Stock: WAY UP and graduated.
No. 68 Trevor Rosenthal, St. Louis Cardinals
Height/Weight: 6-foot-2, 190 pounds
Born: May 29, 1990 (Age 23)
2013 MLB Stats: 2-4, 2.63 ERA, 74 G, 75 1/3 IP, 108 SO (12.9 K/9), 20 BB (2.4 BB/9), 1.102 WHIP
Heading into 2013: After dominating in AA and out of the major league bullpen down the stretch and into the postseason, the hard throwing Rosenthal appeared ready for the majors, but it was unclear how the Cardinals would utilize him. He had the ability to start, but his a 100 MPH fastball and dastardly curve had been a huge asset out of the pen last year. This was Joba Chamberlain, Midwest.
This season: The Cardinals ultimately decided to keep him in the pen, and they haven’t regretted it. He has been one of the best set up men in baseball, posting an unreal 1.91 FIP that ranked 6th among all Major League relievers (min. 30 IP), and racking up the third most relief strikeouts in the game.
Looking ahead: Going into 2014, The Cardinals will now be faced with the same decision they had with Adam Wainright six years ago, when he was a starting pitching prospect who had dominated out of the pen for a season. In all likelihood, GM John Mozeliak will recognize that a starting pitcher is exponentially more valuable than a a reliever, and they will convert him back into a starter. With two plus pitches, an above average third, and good command, he’ll make a good one.
Stock: Up, but he has graduated from prospect status.

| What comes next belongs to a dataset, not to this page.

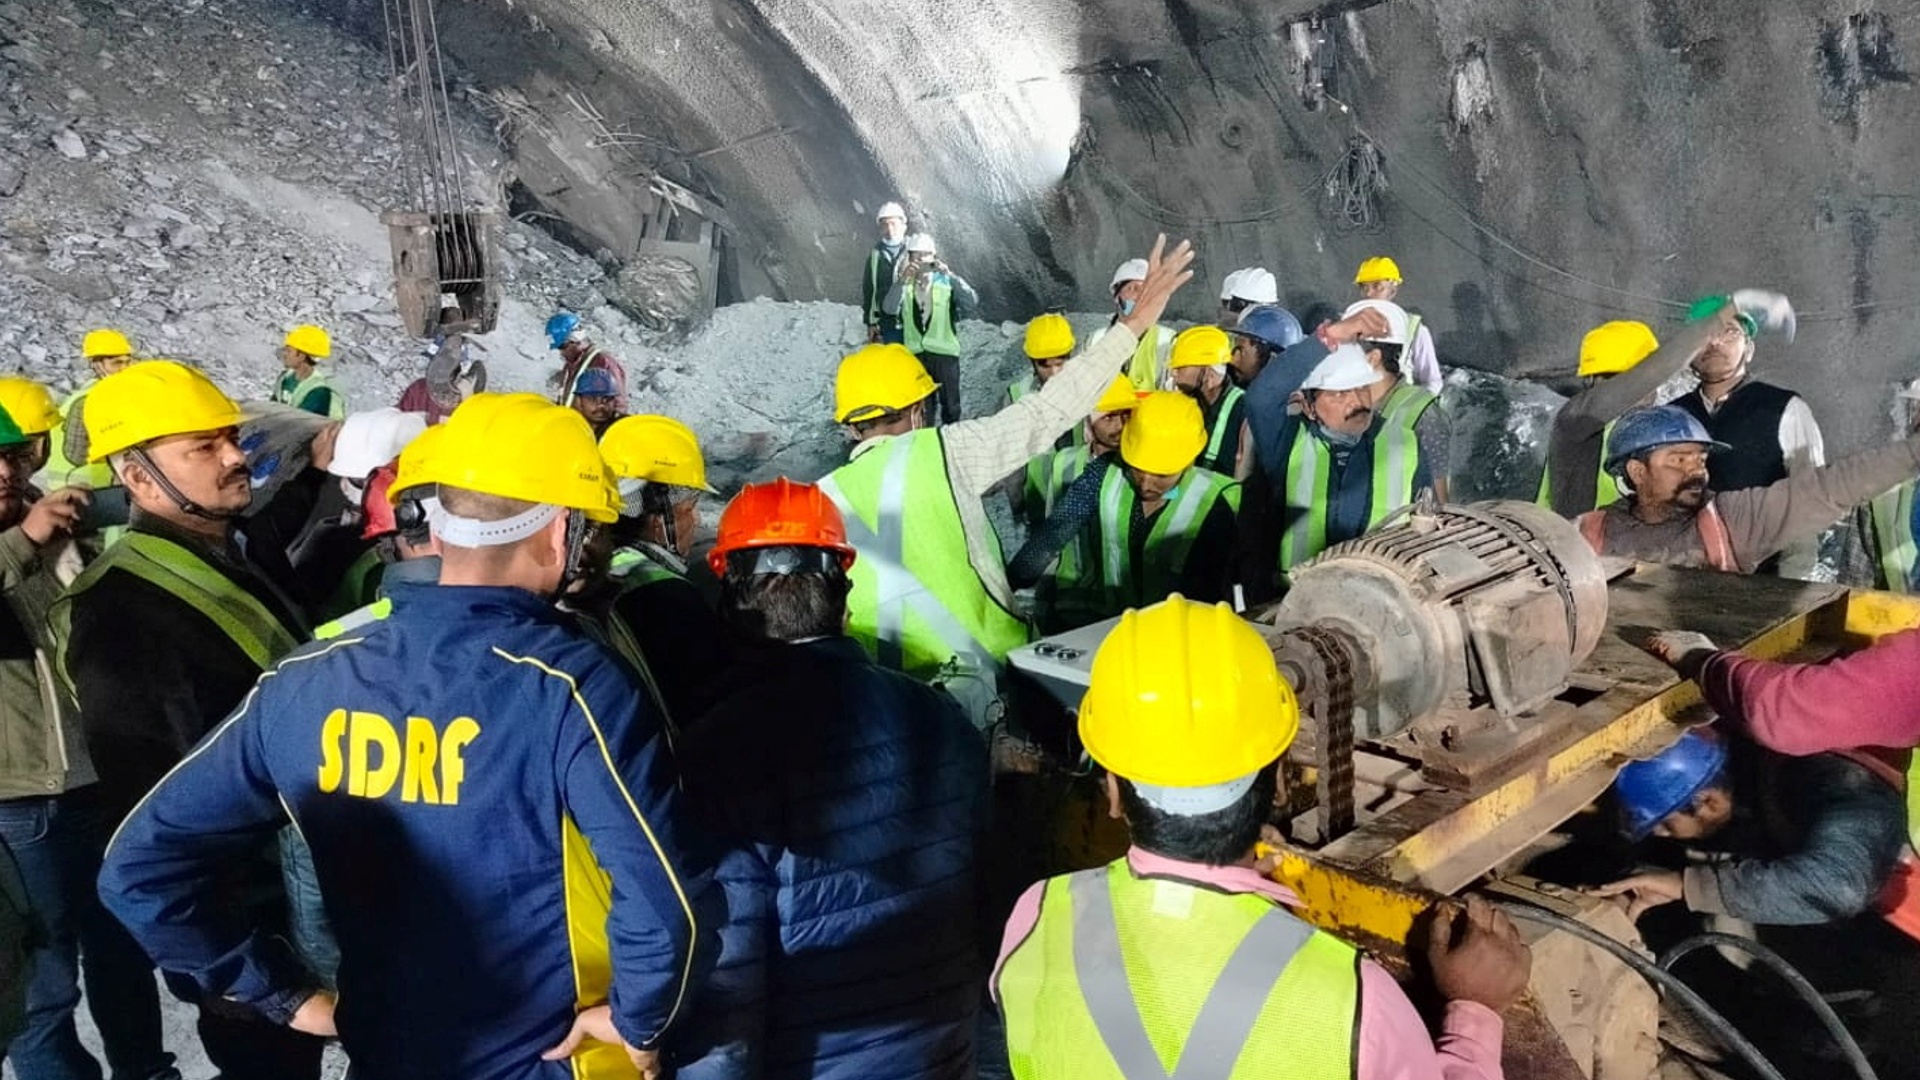 Родственники рабочих, застрявших в рухнувшем тоннеле в Индии, жалуются на медленный ход спасательных работ

No. 67 Casey Kelly, RHP, San Diego Padres
Height/Weight: 6-foot-3, 195 pounds
Born: Oct. 4 1989 (Age 24)
2012 MLB Stats (did not pitch in 2013): 2-3, 6.21 ERA, 6 GS, 29.0 IP, 10 BB (3.1 BB/9), 26 K (8.1 K/9), 1.690 WHIP
Heading into 2013: On the prospect radar since being drafted in the first round by the Red Sox in 2008 and shutting down the South Atlantic League (A) and the Carolina League (A+) as a 19 year old, Kelly finally reached the majors in 2012. He was injured struggled in his six starts and spent much of the year on the disabled list, but his combination of superior stuff and superior command made him a good bet to succeed going forward.
This season: Kelly did not succeed, although he did not fail per se either. The 24 year old righthander underwent Tommy John surgery at the end spring training and missed the remainder of the season.
Looking ahead: Kelly hopes to be ready by Opening day 2014, but Tommy John Surgery can require up to 18 months of rehab so its unclear how much he’ll pitch, if it all. If he does return, he may or may not be the same as he was before the operation, but his durability could always be in question.
No. 66 Kolten Wong, 2B, St. Louis Cardinals.
Height/Weight: 5-foot-9, 190 pounds
Born: Oct. 10, 1990 (Age 22)
2013 AAA stats: .303/.369/.466, 10 HR, 45 RBI, 41 BB, 60 SO, 20 SB, 107 G, 463 PA
2013 MLB stats: .153/.194/.169, 0 HR, 0 RBI, 3 BB, 12 SO, 3 SB, 32 G, 62 PA
Heading into 2013: A First round pick in 2011, Wong had performed at every level thus far and looked poised to continue his solid hitting in AAA. A good performance there could potentially lead to a major league call up by the end of the the year.
This season: Wong did indeed play well in AAA and received a call up to to the majors, although his hitting at the show was much more suspect. Ignoring his major league stats, which are the results of youth and a small sample size, his AAA numbers indicate across the board improvement. Always a .285+ batting average, line drive hitter, Wong affirmed 15 homer power by knocking out 10 in 107 games, he showed improve plate discipline by improving his walk rate from 7.6% in 2012 to 8.9%, and stole bases at an unreal clip (95% stolen base percentage).
Looking ahead: Wong should be major league ready next season, but the Cardinals are set at second and third base, hiss only positions. With that in mind, Mozeliak could potentially use him as a trade chip in his likely pursuit of a shortstop, or perhaps even attempt to move Wong there, although he has never played there in the minors and certainly lacks the range.